■ PROBLEM STATEMENT
From the data that follows, set down exactly the lines from the one with "Brown Crab On Sand.jpg Wallpaper" through the one with "miu - Corona Tapes 'Folk Edition'", counting both. Pictures stay out.

■ PROVIDED RECORDS

§ §

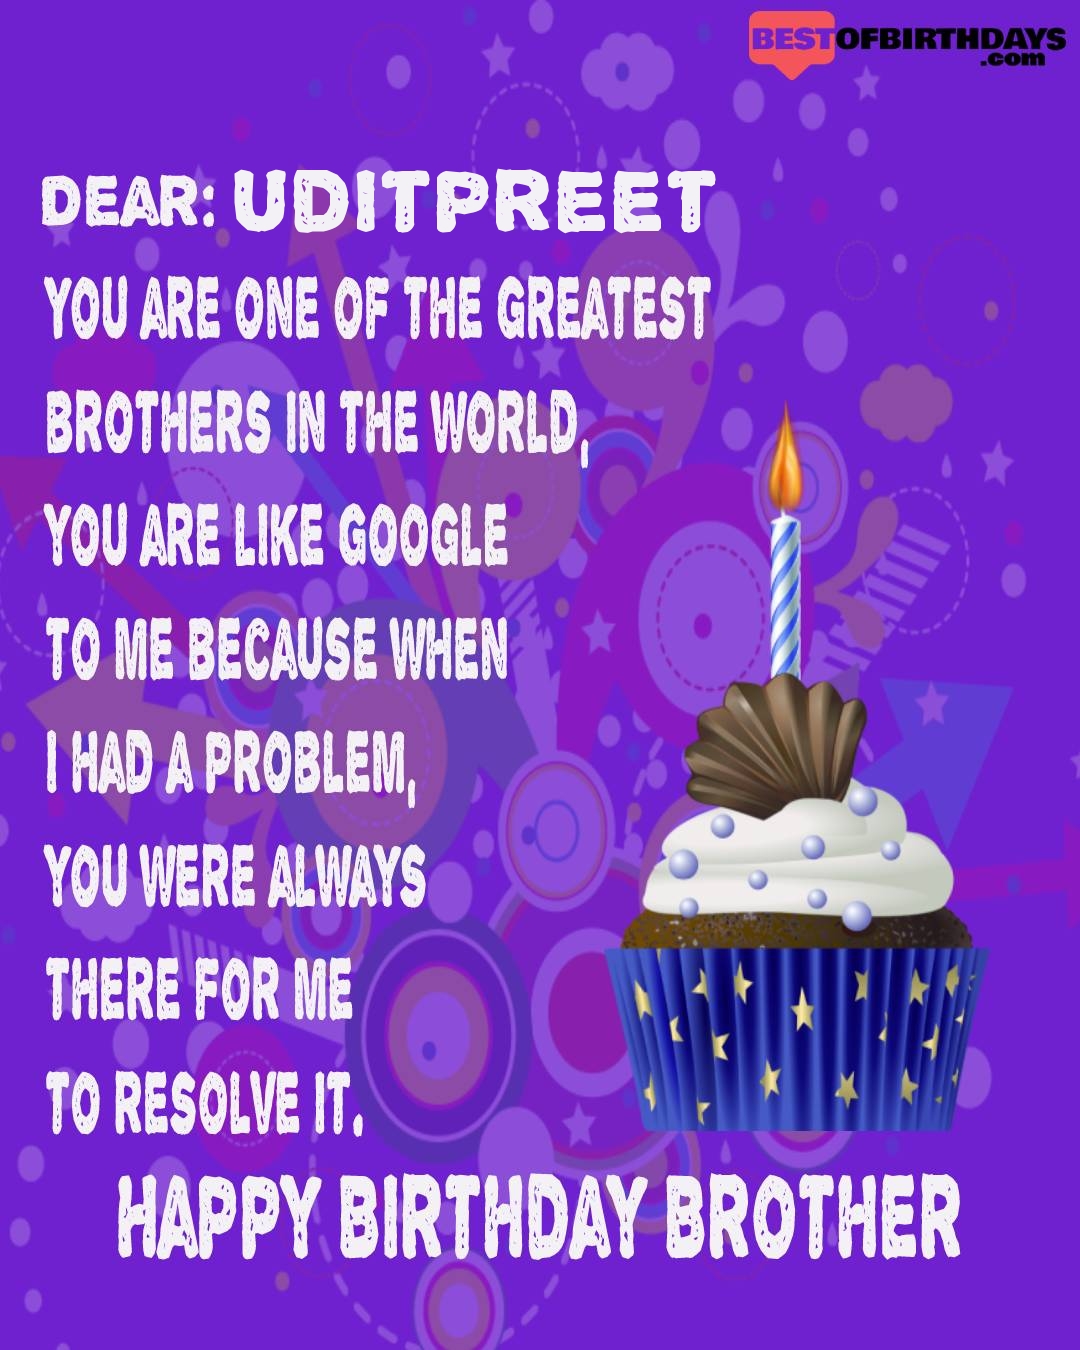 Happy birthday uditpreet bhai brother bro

§ §

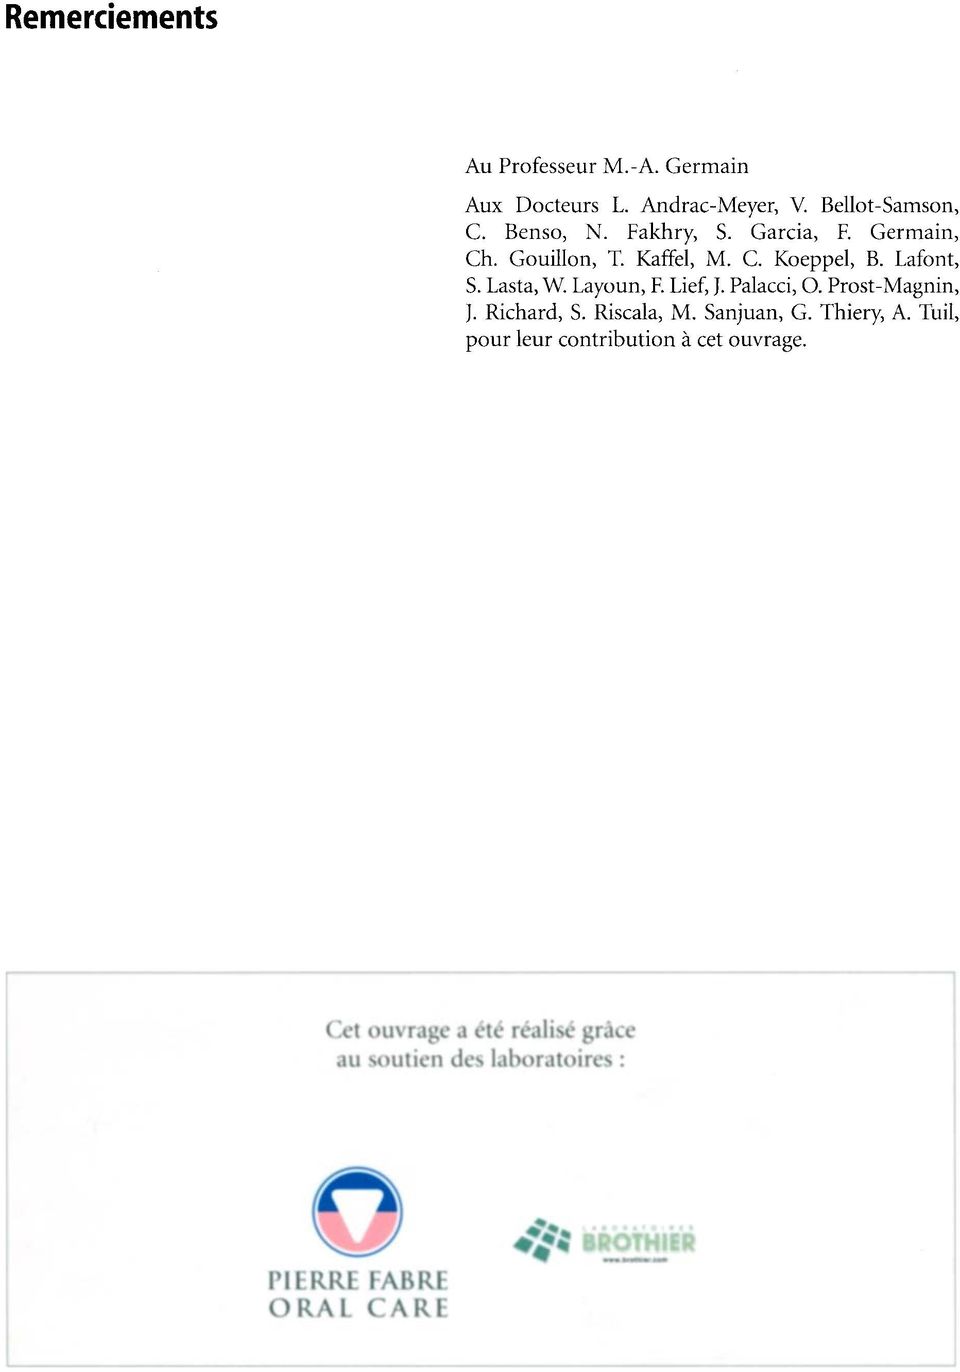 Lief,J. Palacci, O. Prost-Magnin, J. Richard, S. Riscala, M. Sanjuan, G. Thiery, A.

§ §

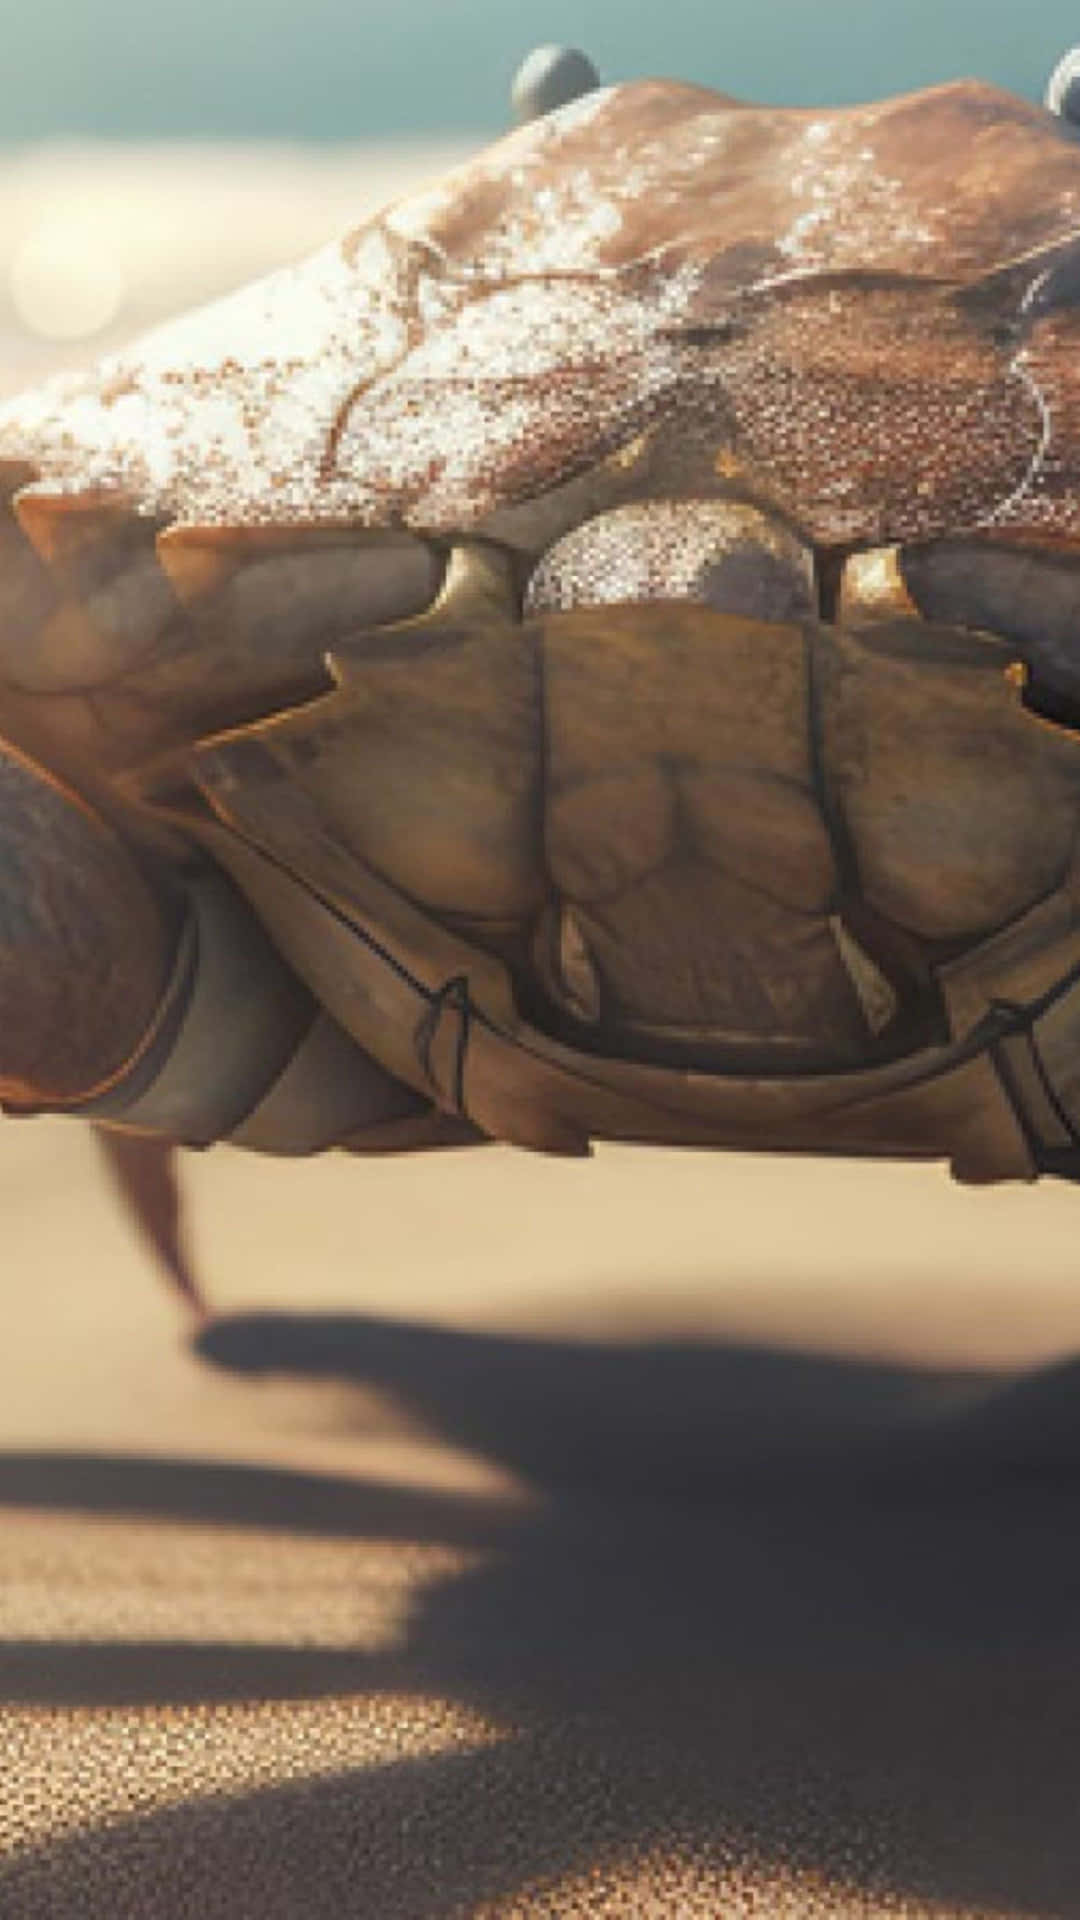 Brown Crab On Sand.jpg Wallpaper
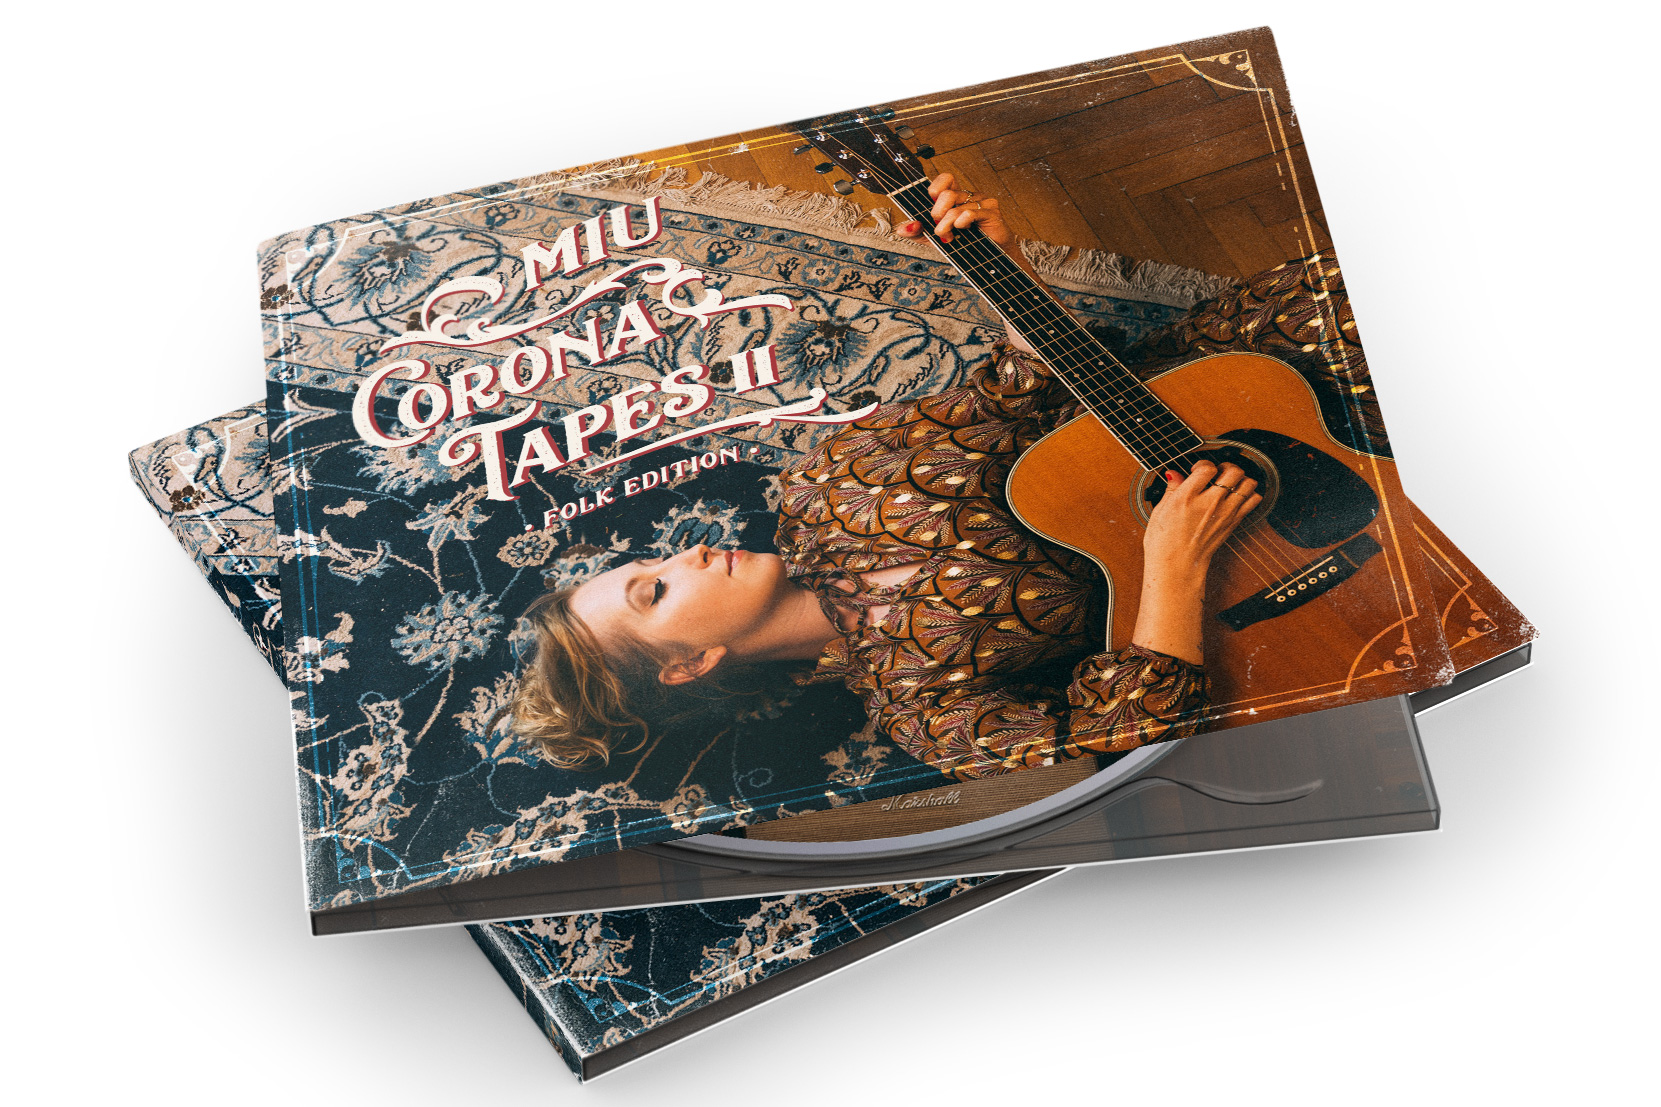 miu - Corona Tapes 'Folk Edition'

§ §

■ RESULT FOR THIS TASK
 Brown Crab On Sand.jpg Wallpaper
 miu - Corona Tapes 'Folk Edition'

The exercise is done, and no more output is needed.